* **Required action**
Word for word, output the data, with none of its pictures.

___ Data excerpt ___

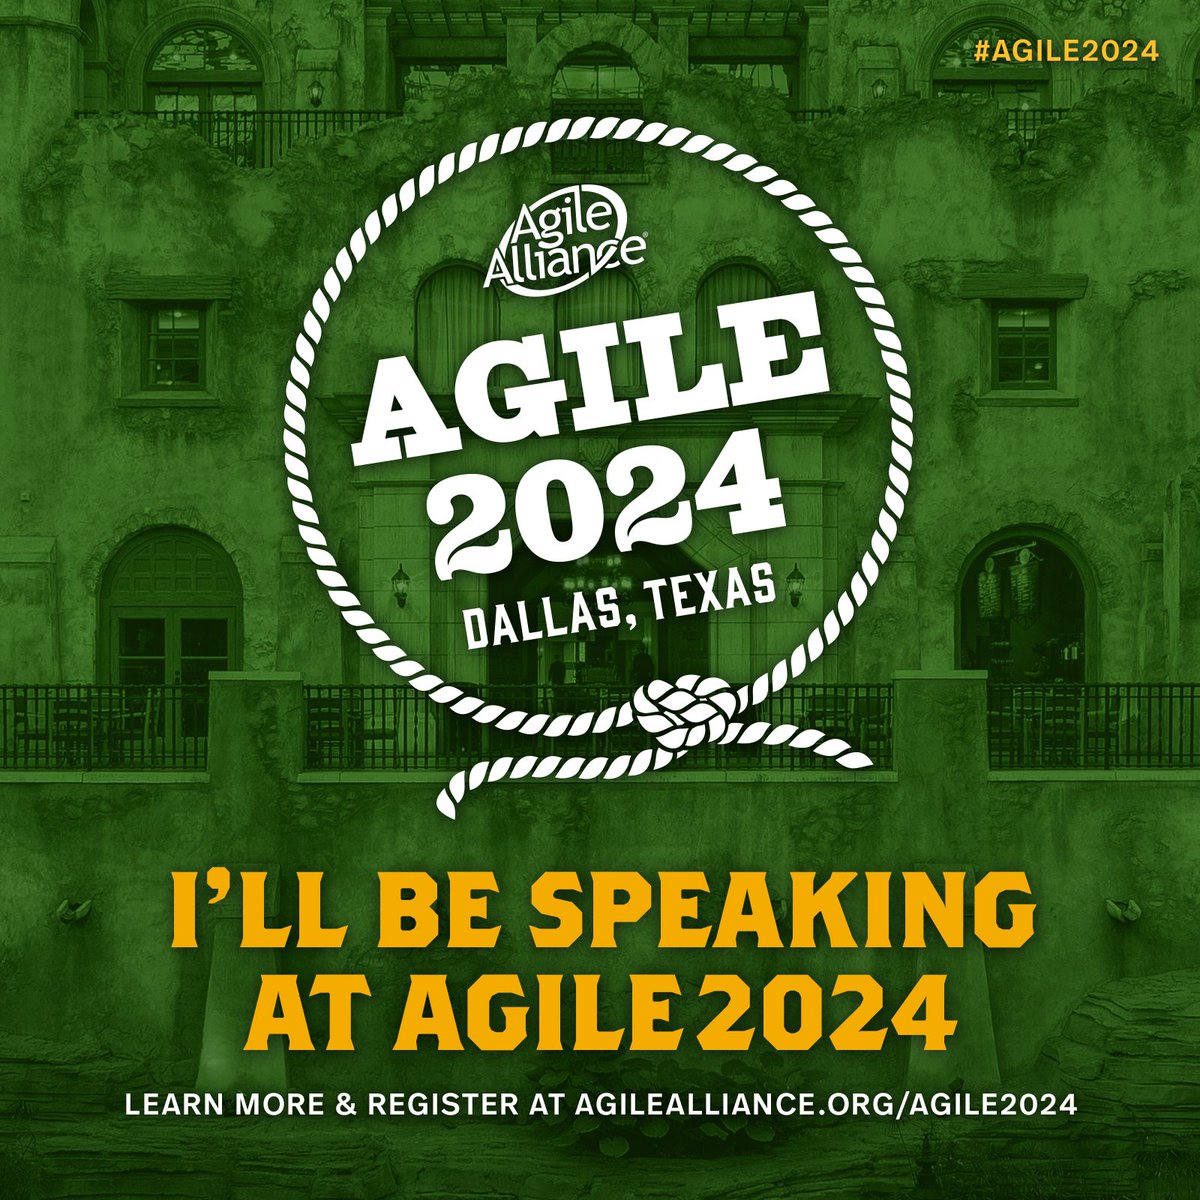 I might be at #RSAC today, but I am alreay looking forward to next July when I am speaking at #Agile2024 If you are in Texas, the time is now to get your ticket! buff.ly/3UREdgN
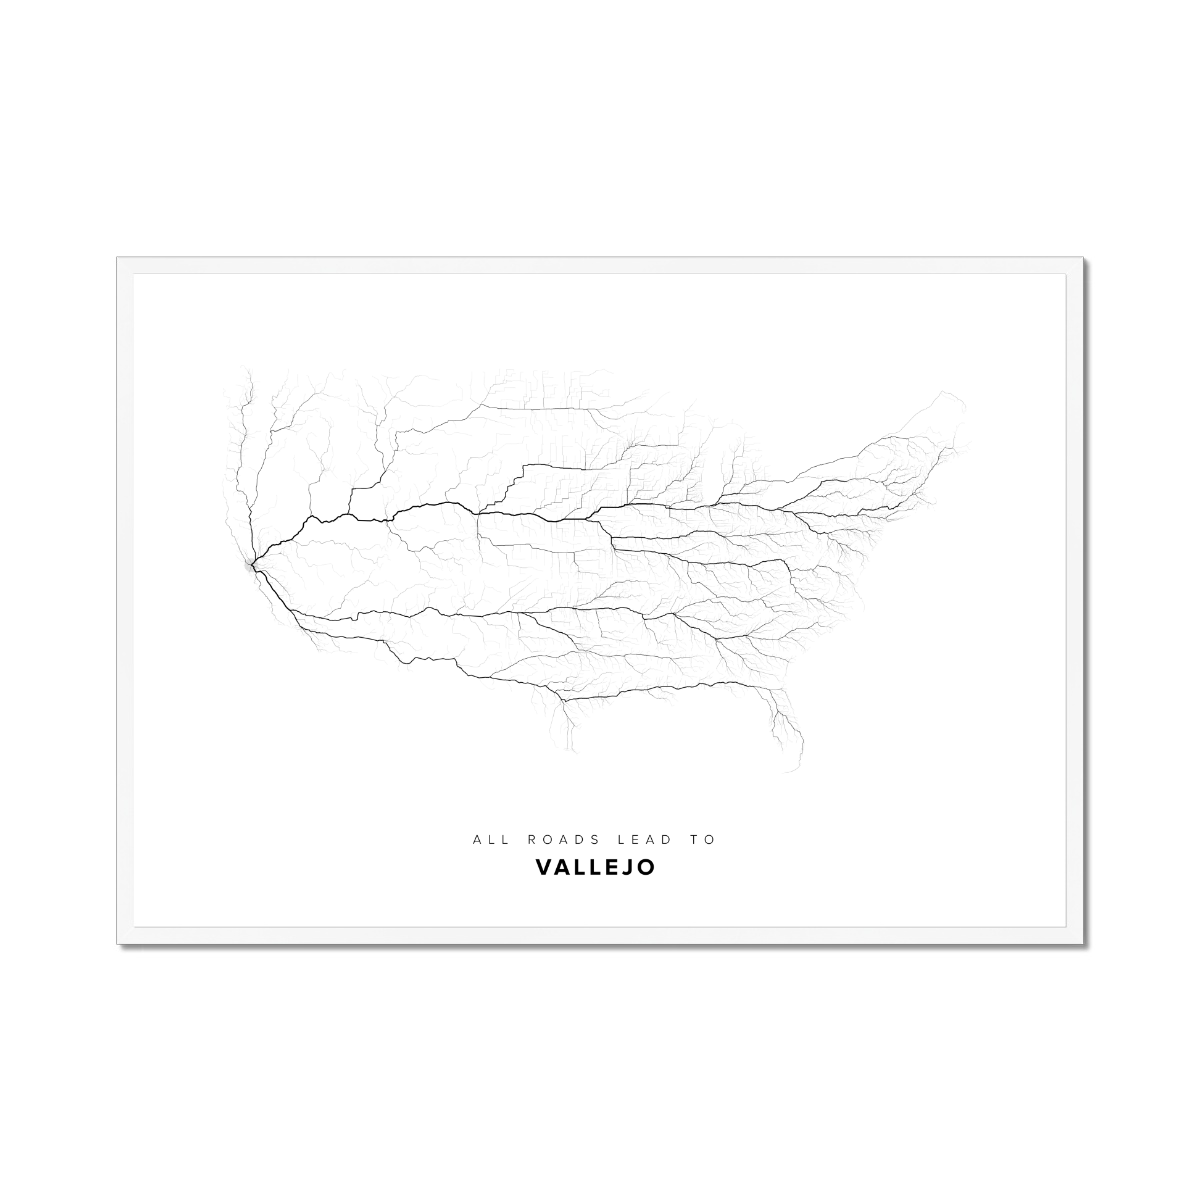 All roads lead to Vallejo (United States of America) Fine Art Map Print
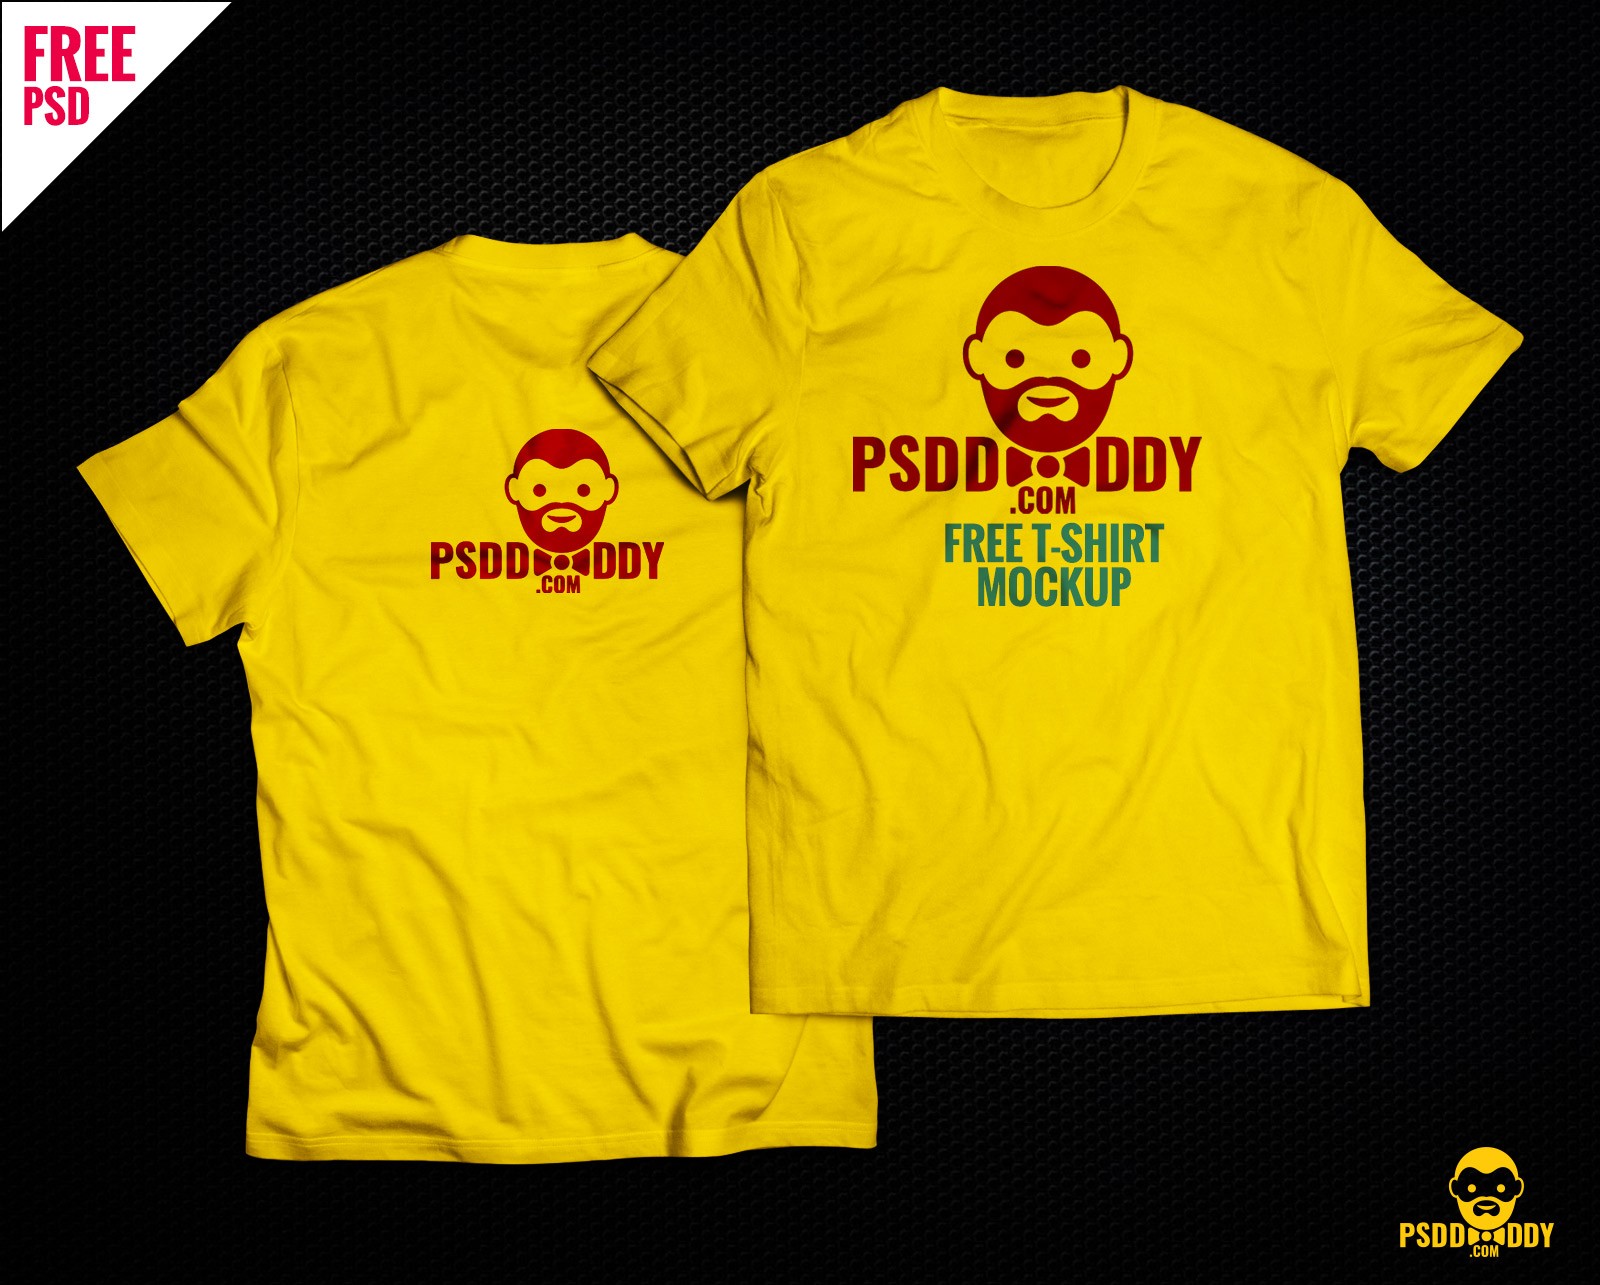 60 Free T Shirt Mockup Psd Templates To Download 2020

___

* **Answer for this exercise**
 I might be at #RSAC today, but I am alreay looking forward to next July when I am speaking at #Agile2024 If you are in Texas, the time is now to get your ticket! buff.ly/3UREdgN
 All roads lead to Vallejo (United States of America) Fine Art Map Print
 60 Free T Shirt Mockup Psd Templates To Download 2020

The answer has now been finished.